PNR probably ought to review the pamphlets produced by the more enterprising "small presses". Of the many received lately might be mentioned six Northern pamphlets: Nicholas Moore's Lacrimae Return (Open Township and Poetical Histories, 14 Foster Clough, Hebden Bridge, HX7 5QZ), Fleur Adcock's Meeting the Comet (Bloodaxe, PO Box 1SN, Newcastle upon Tyne), Duncan Ban Macintyre's Ben Dorain translated from the Gaelic by Iain Crichton Smith (Northern House, 19 Haldane Terrace, Newcastle upon Tyne), Thom Gunn's Undesirables (Pig Press, 7 Cross View Terrace, Durham DH1 4JY), Geoffrey Holloway's My Ghost in Your Eye (Littlewood Press, 5 Slater Bank, Hebden Bridge, HX7 7DY), and Peter Sansom's Keats at Thirty (Wide Skirt Press, 93 Blackhouse Road, Huddersfield HD2 1AP).
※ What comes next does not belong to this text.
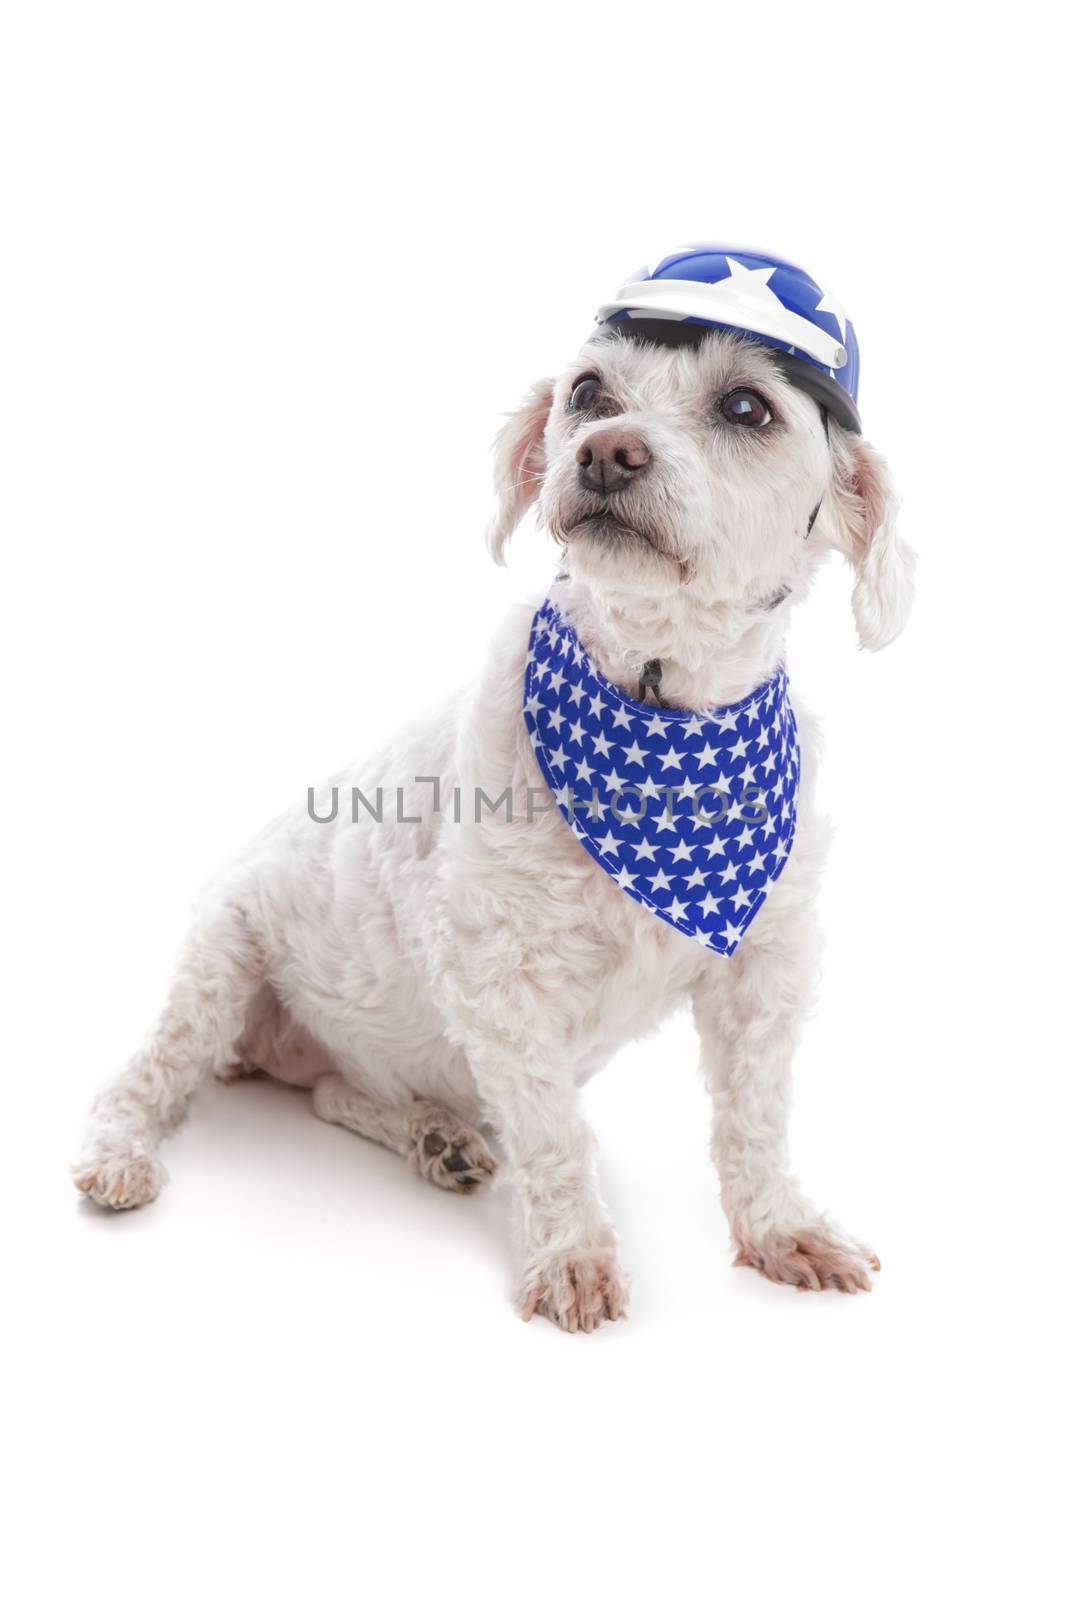 Dog wearing helmet and bandana by lovleah

Derek Walcott has been awarded The Queen's Gold Medal for Poetry. Born in St Lucia and now a citizen of Trinidad and Tobago, he is "the first Commonwealth citizen to receive the medal", previous recipients of which have included W.H. Auden, Philip Larkin and Ted Hughes (Faber & Faber's press release seems to imply that English poets are not "Commonwealth citizens"). Derek Walcott teaches at Boston University, and PNR will be printing a round table discussion, recorded at the BBC in June this year, in which he was joined by Joseph Brodsky, Seamus Heaney, and Les A. Murray.

Matthew Arnold died one hundred years ago, and there is to be a centennial exhibition in the Wordsworth Museum at Dove Cottage, Grasmere, opening on July 22nd. The material will present something of Arnold's circle and the responses to Arnold by composers, artists and cartoonists, besides something rather mysteriously described as "a specially commissioned sculptural environment from Welfare State International". The organizers note that Arnold's poetry expresses the melancholy of living in a materialistic, Philistine age, but we now have a Minister for the Arts to open the exhibition.

Eliot's intolerable wrestle with words and meanings goes on. Thus the publishers of Keto von Waberer's Der Schattenfreund characterize it as "poetic, thrilling, erotic and thoughtful... written with histrionic fluency." The act of writing perhaps. And back-formations are to the fore now, as in such phrases as "this highly spirited book critiques the positions of Derrida, Rorty and others" (to critique the critic).

This item is taken from PN Review 63, Volume 15 Number 1, September - October 1988.